I will get the chemo in my cerebral spinal fluid twice a week for four weeks and then they will move it to less often if they test and find no cancer cells showing up, if they continue to show up we will try another chemo. There are a few options that can go into cerebral spinal fluid. I will also get an MRI after 4 weeks of treatment.
My HER2+ friends are now asking why I am not getting Herceptin intrathecally. The reason? We don’t have proof that I have once responded to a HER2+ therapy. So far I have responded to chemo. Every time they take away the chemo my cancer spreads. So, the heavy hitter in this case is chemo. If we get an idea that I am responding to HER2+ maybe I will push more for that… but my tumor markers have been climbing while I have been on Kadcyla. OY! I get the next round of markers tomorrow, which is when we will decide what systemic therapy to pair with the intrathecal chemo (that will only stay in my brain and spine as the blood brain barrier keeps stuff in, as much as it attempts to keep stuff out – I say attempts because my cancer got through). I can stay on Kadcycla or switch to something that crosses the blood brain barrier (the other opinions were that I start something that crosses).

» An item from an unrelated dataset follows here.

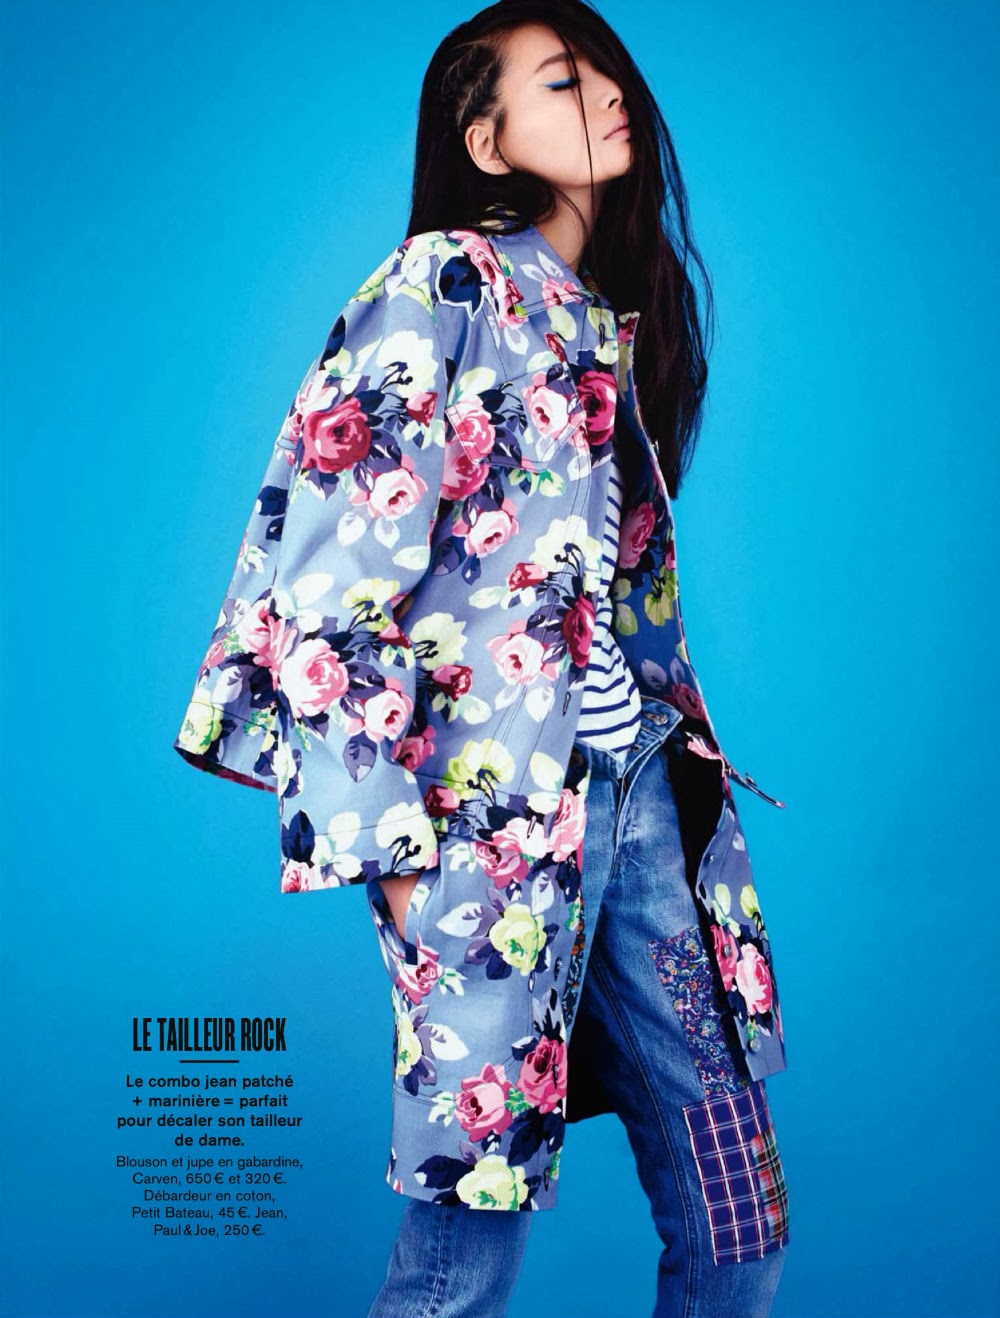 Magazine Photoshoot : Li Wei Photoshot For Glamour Magazine France February 2014 Issue 
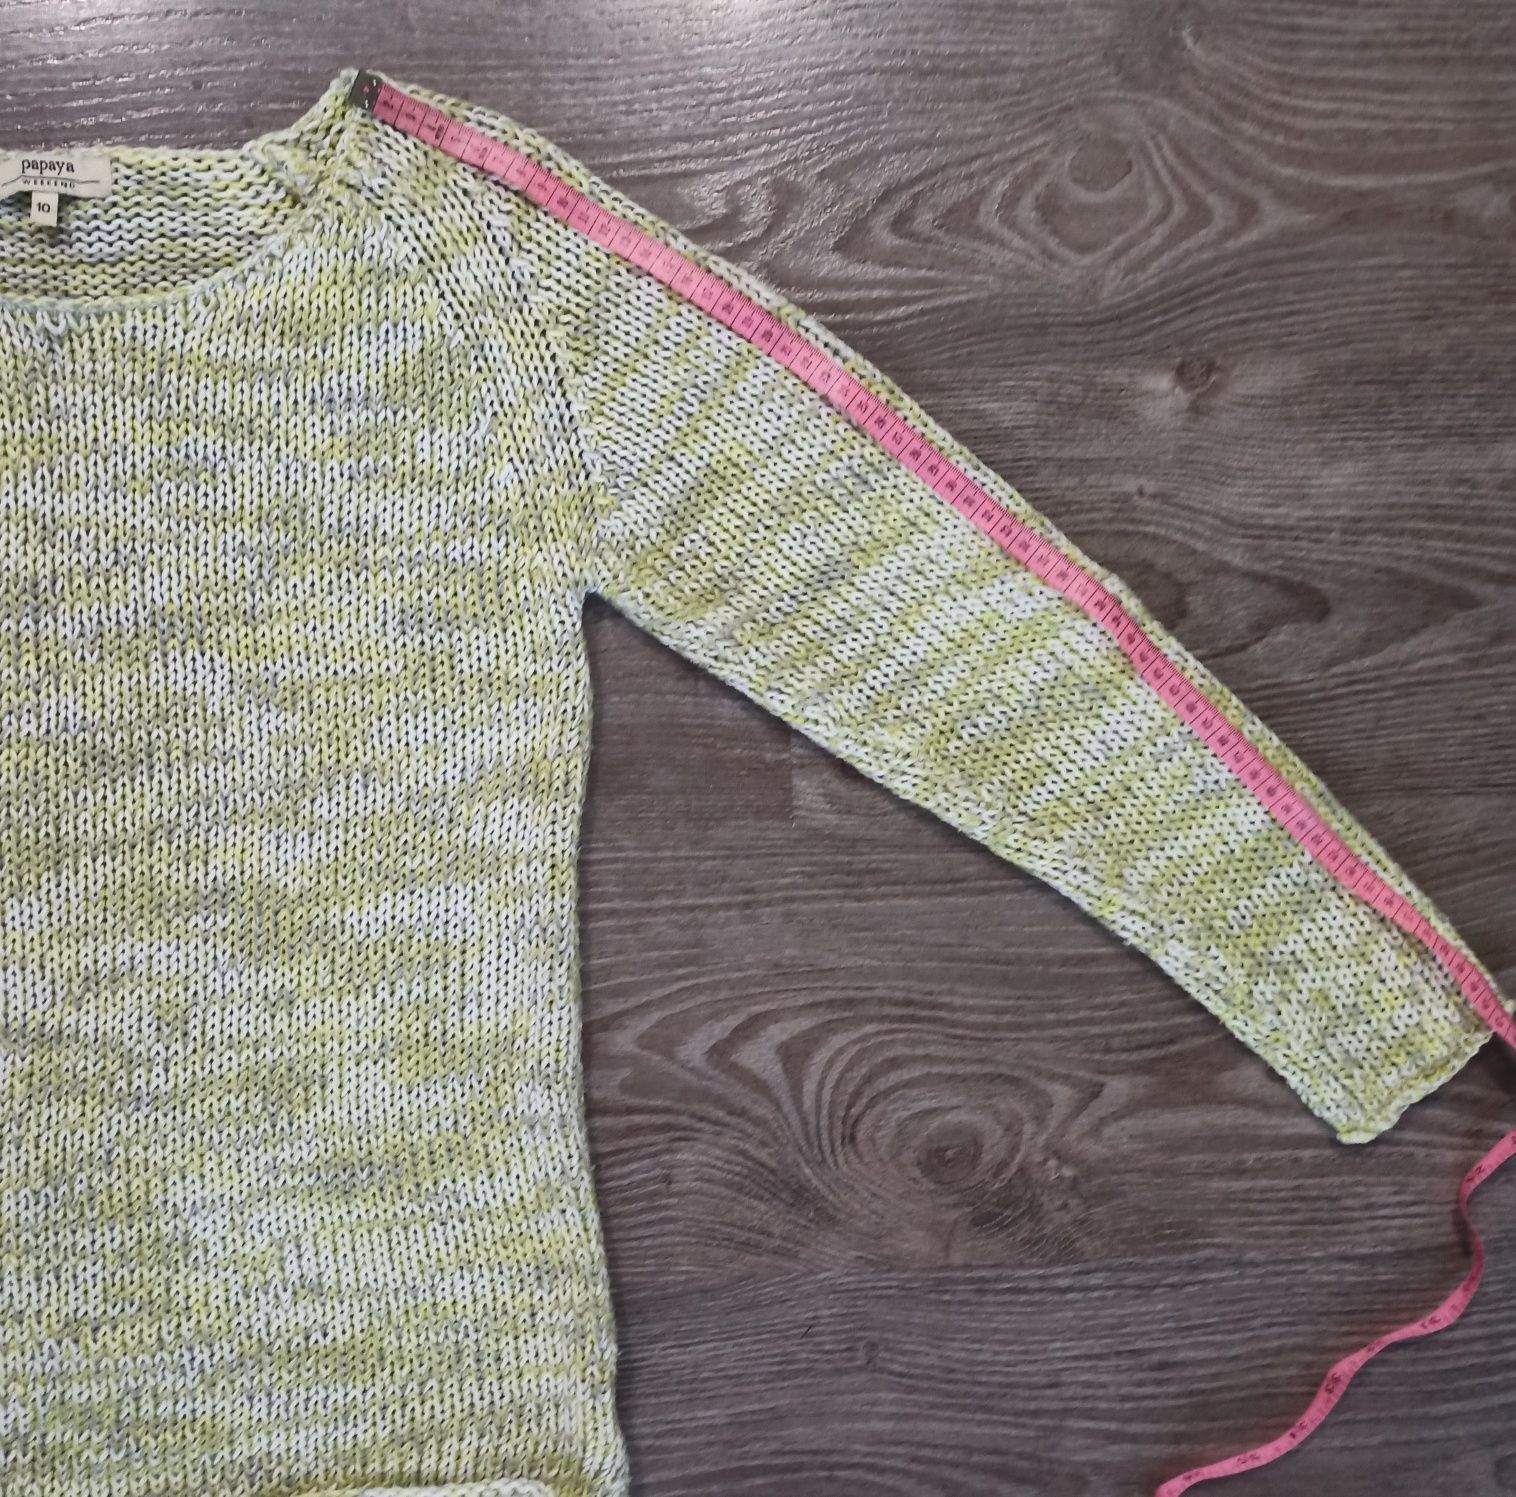 реглан Papaya, свитер вязанный, свитшот/ женский

Tomorrow I will see my oncologist, catch up on my Seattle adventures, discuss my brainy discussions and make some more decisions. We will also hopefully get my next month planned out (it is weird to me knowing that I will be at the hospital a ton and I don’t know when yet).
Burning Man is the last weekend of August, so this rolls into when I am getting all of this chemo – I am not sure yet if it will make sense or if I will be feeling up to the trip at the point. So there is a possibility that it will be a “no-go” – if that is the case I will have to hope against hope I can pull off going next year… or just try and figure out how to get me there this year (Mike is willing to wear himself out to get me there, I just feel bad, and travel really wears me down lately). Decisions decisions! I guess I don’t have to make a decision right this moment. I usually start feeling better when treatment works, maybe treatment will start working…
While I was in Seattle I got the opportunity to see Beth and attend the first ever Met Up fundraiser event. It was a lovely night where I got to see many women I know online in person and I got to meet several new faces. The music was lovely (by Shannon Curtis) and if you pay for a copy (you choose the amount) of the song “The Day That They Hear Us” that money will be donated to Met Up. Met Up is an advocacy group founded on raising awareness for metastatic breast cancer with the aim in finding a cure.